--- WHAT YOU HAVE TO DO ---
Apart from the pictures, every line below is to be set down exactly.

--- DATASET EXTRACT ---
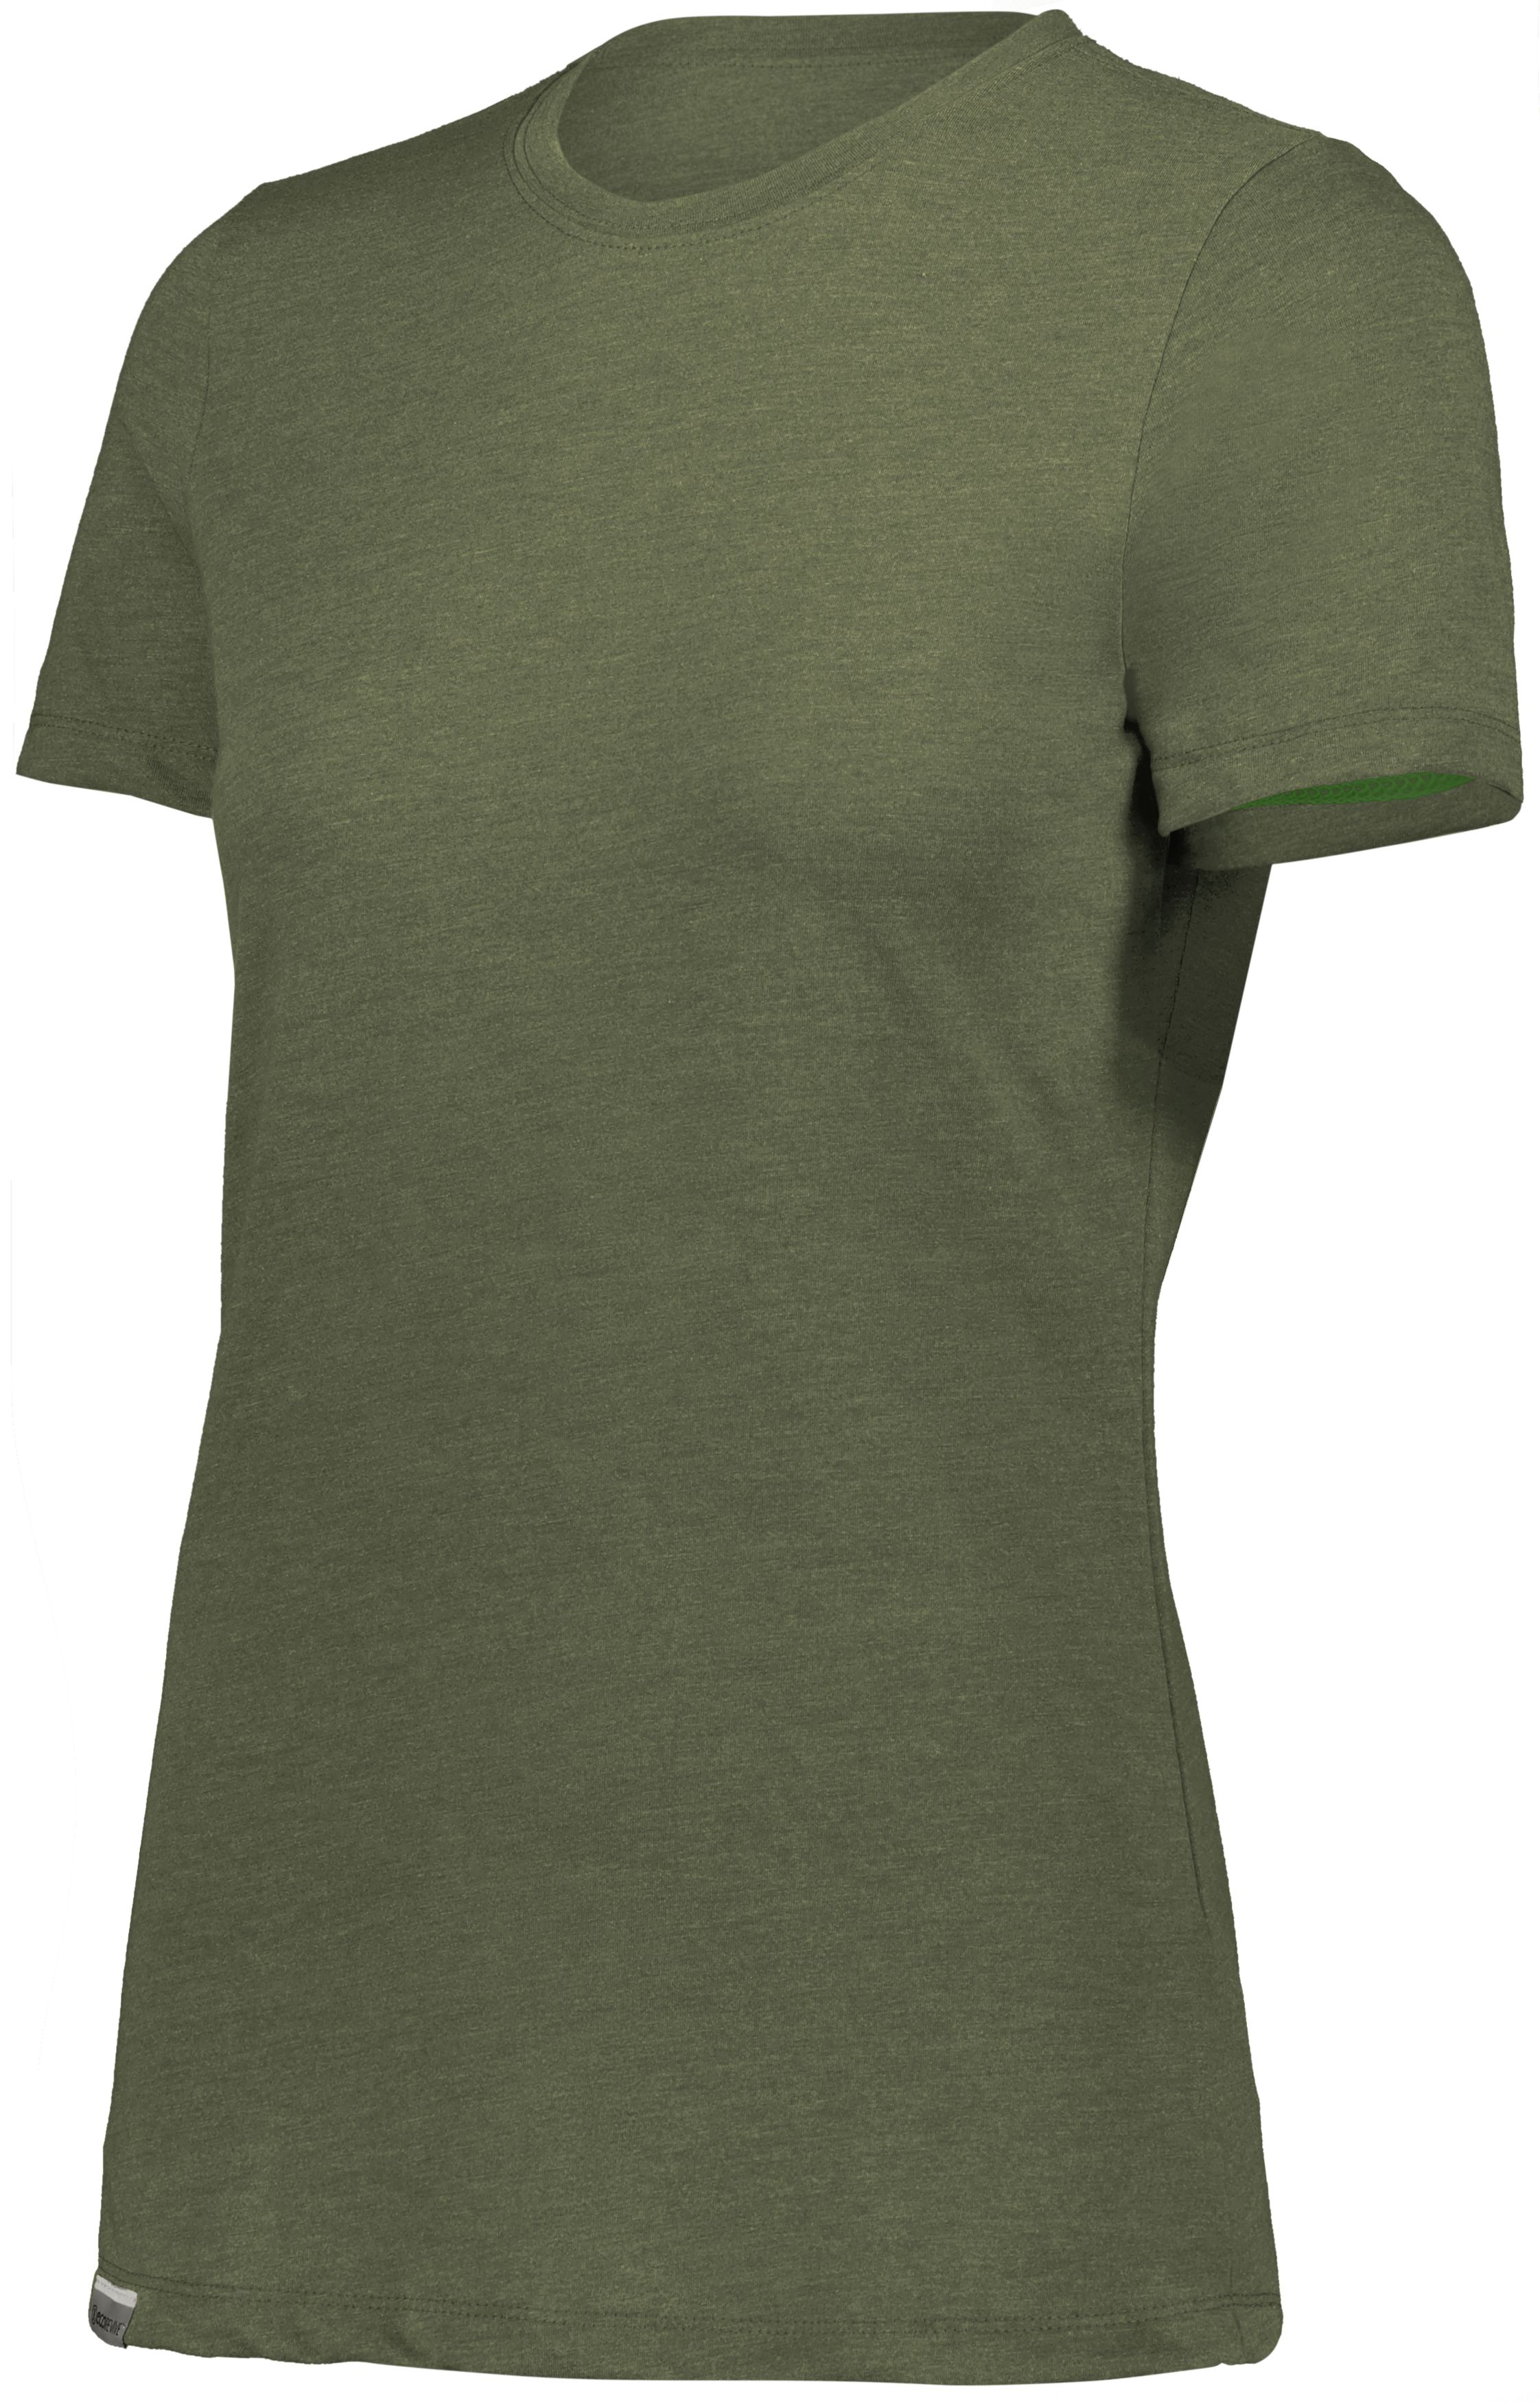 click to view Olive Heather
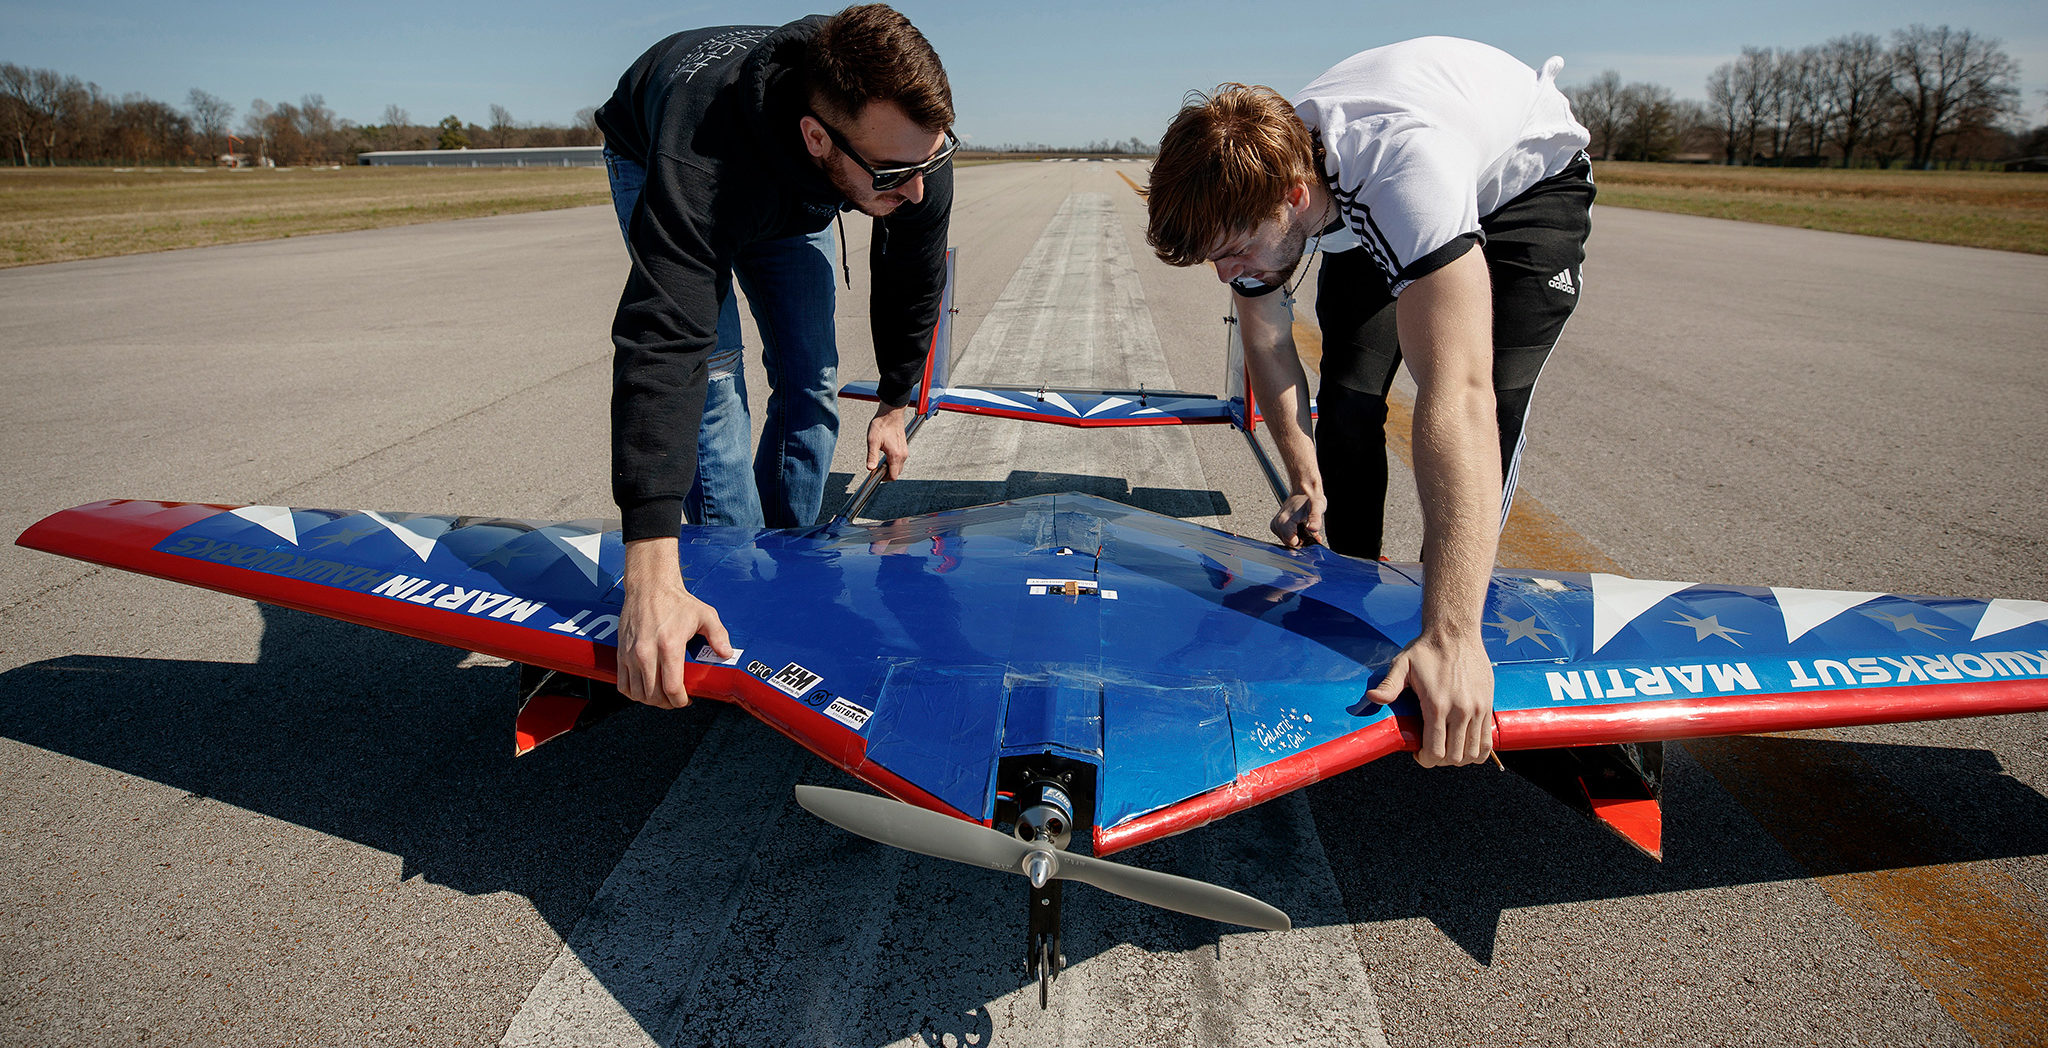 Two young men position a small aircraft on a test runway
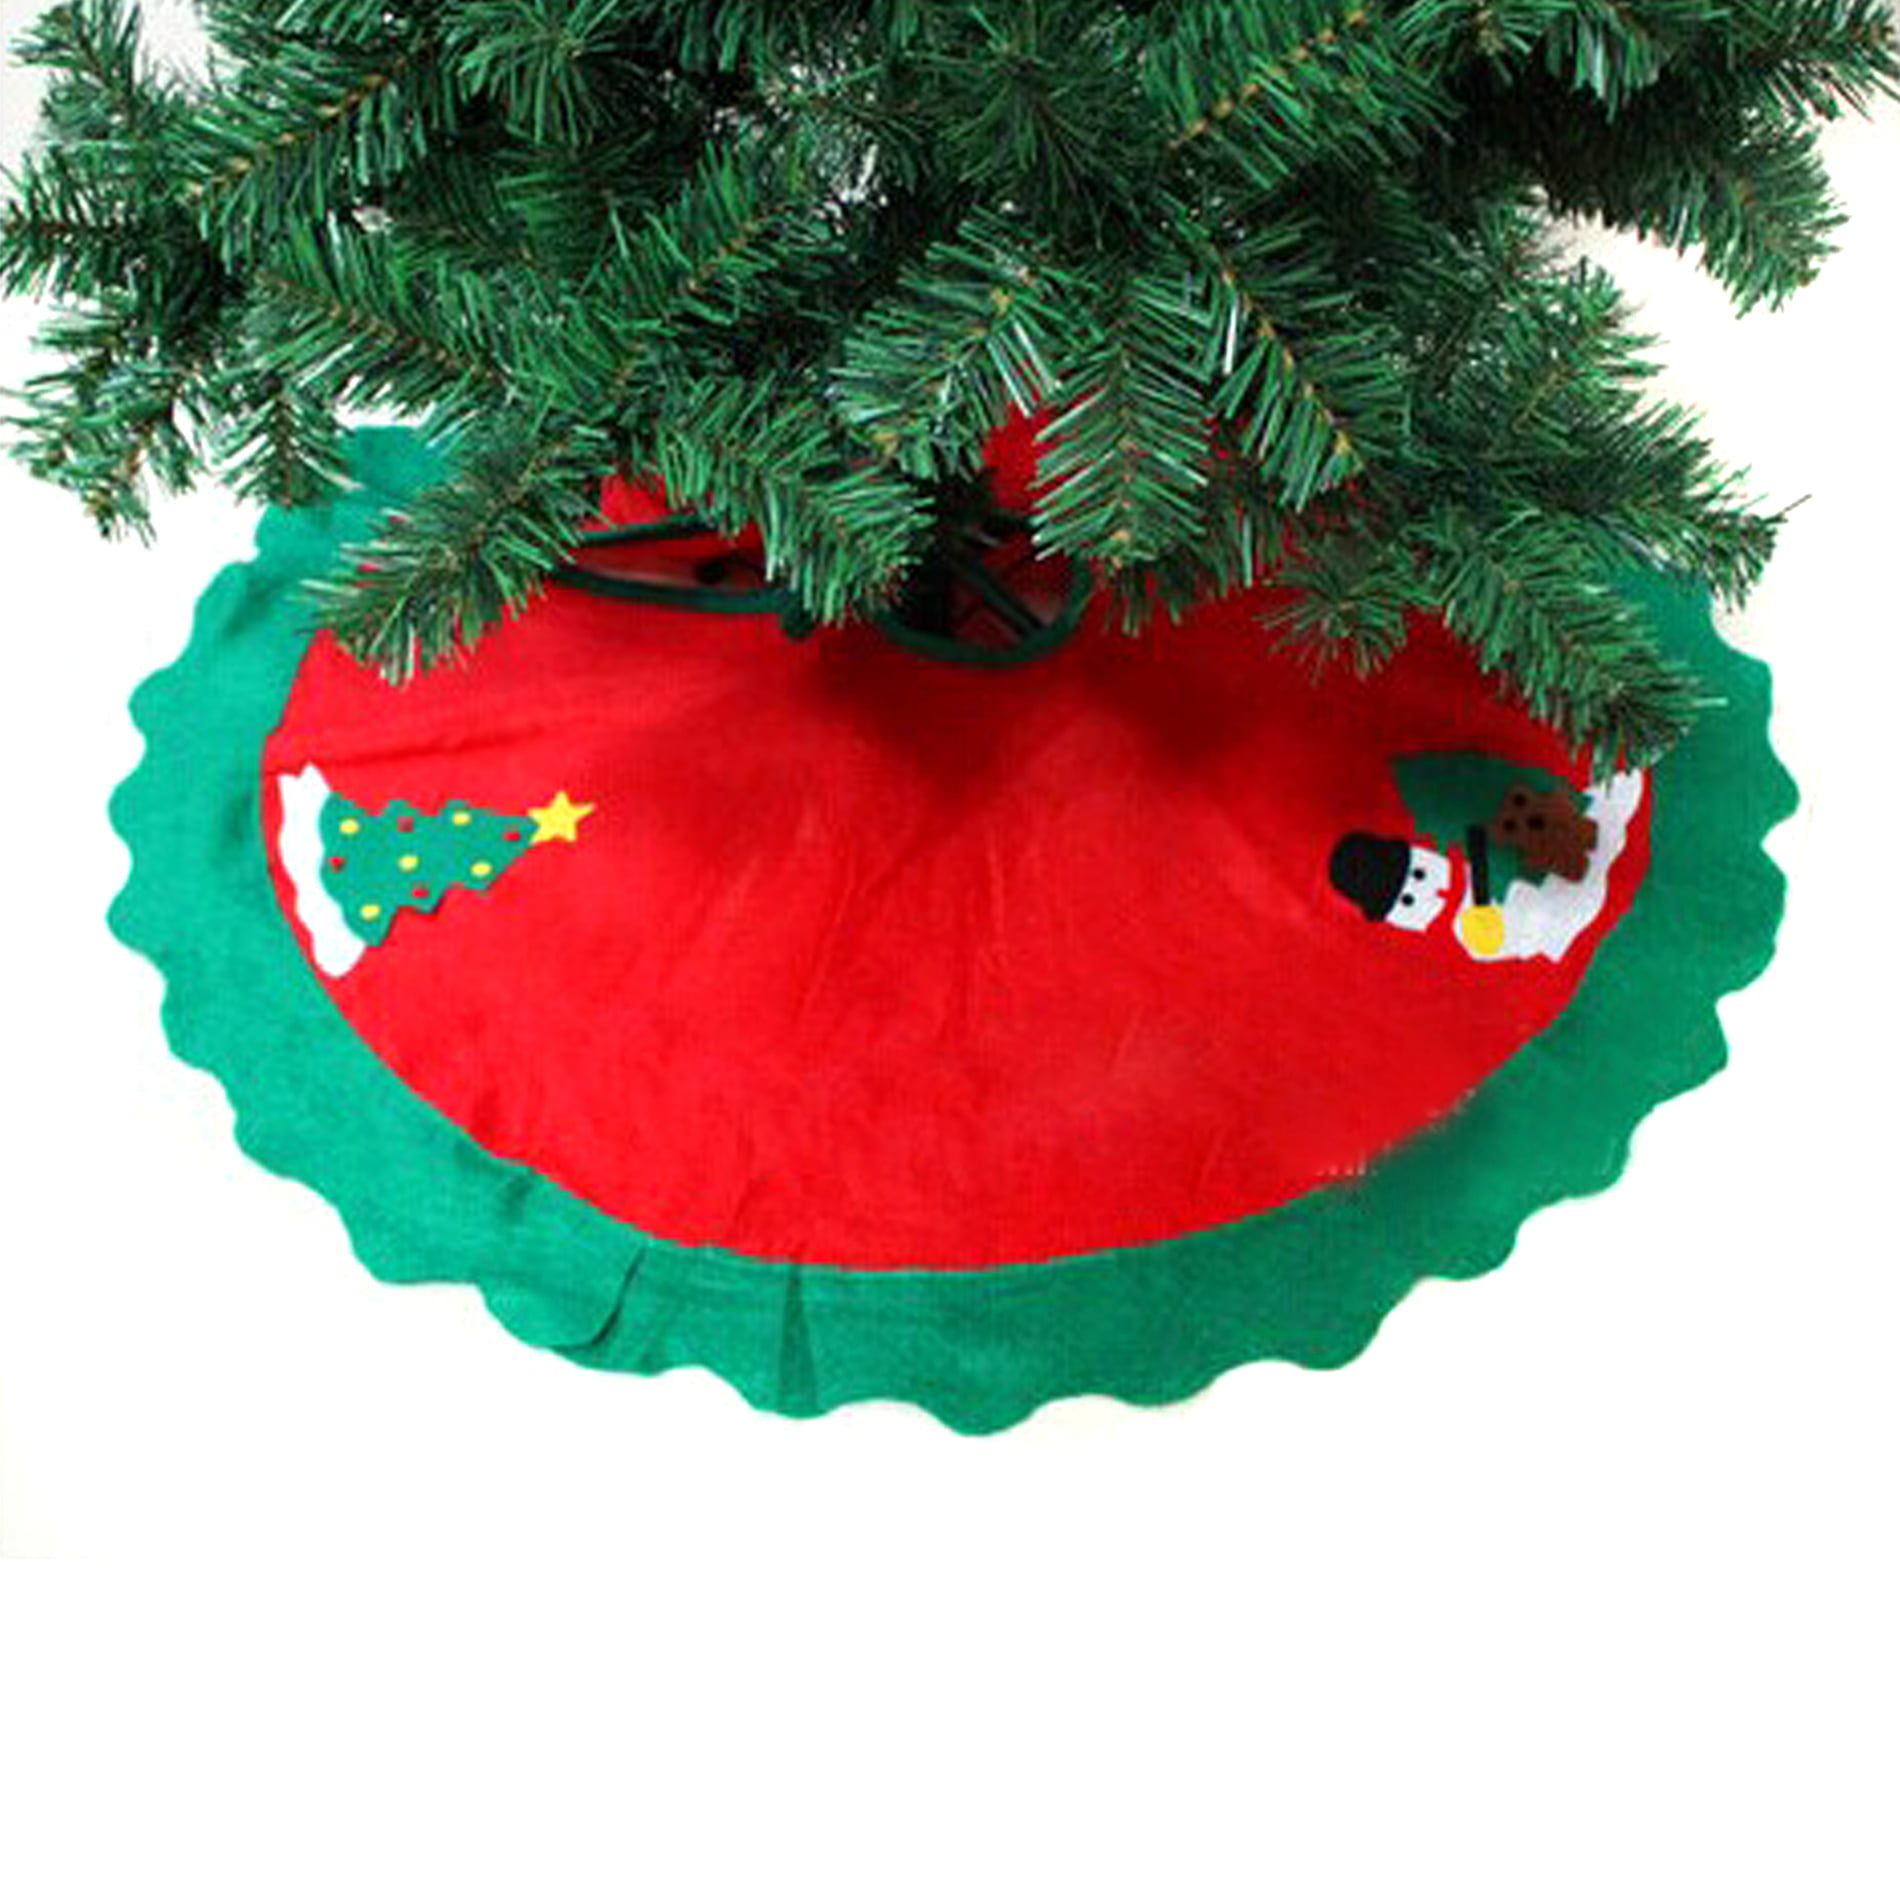 PICTURESQUE Red Christmas Tree Skirt 18 Inches Santa Claus and Snowman Pattern Xmas Tree Skirt for Holiday Decorations

--- RESULT FOR THIS TASK ---
 click to view Olive Heather
 Two young men position a small aircraft on a test runway
 PICTURESQUE Red Christmas Tree Skirt 18 Inches Santa Claus and Snowman Pattern Xmas Tree Skirt for Holiday Decorations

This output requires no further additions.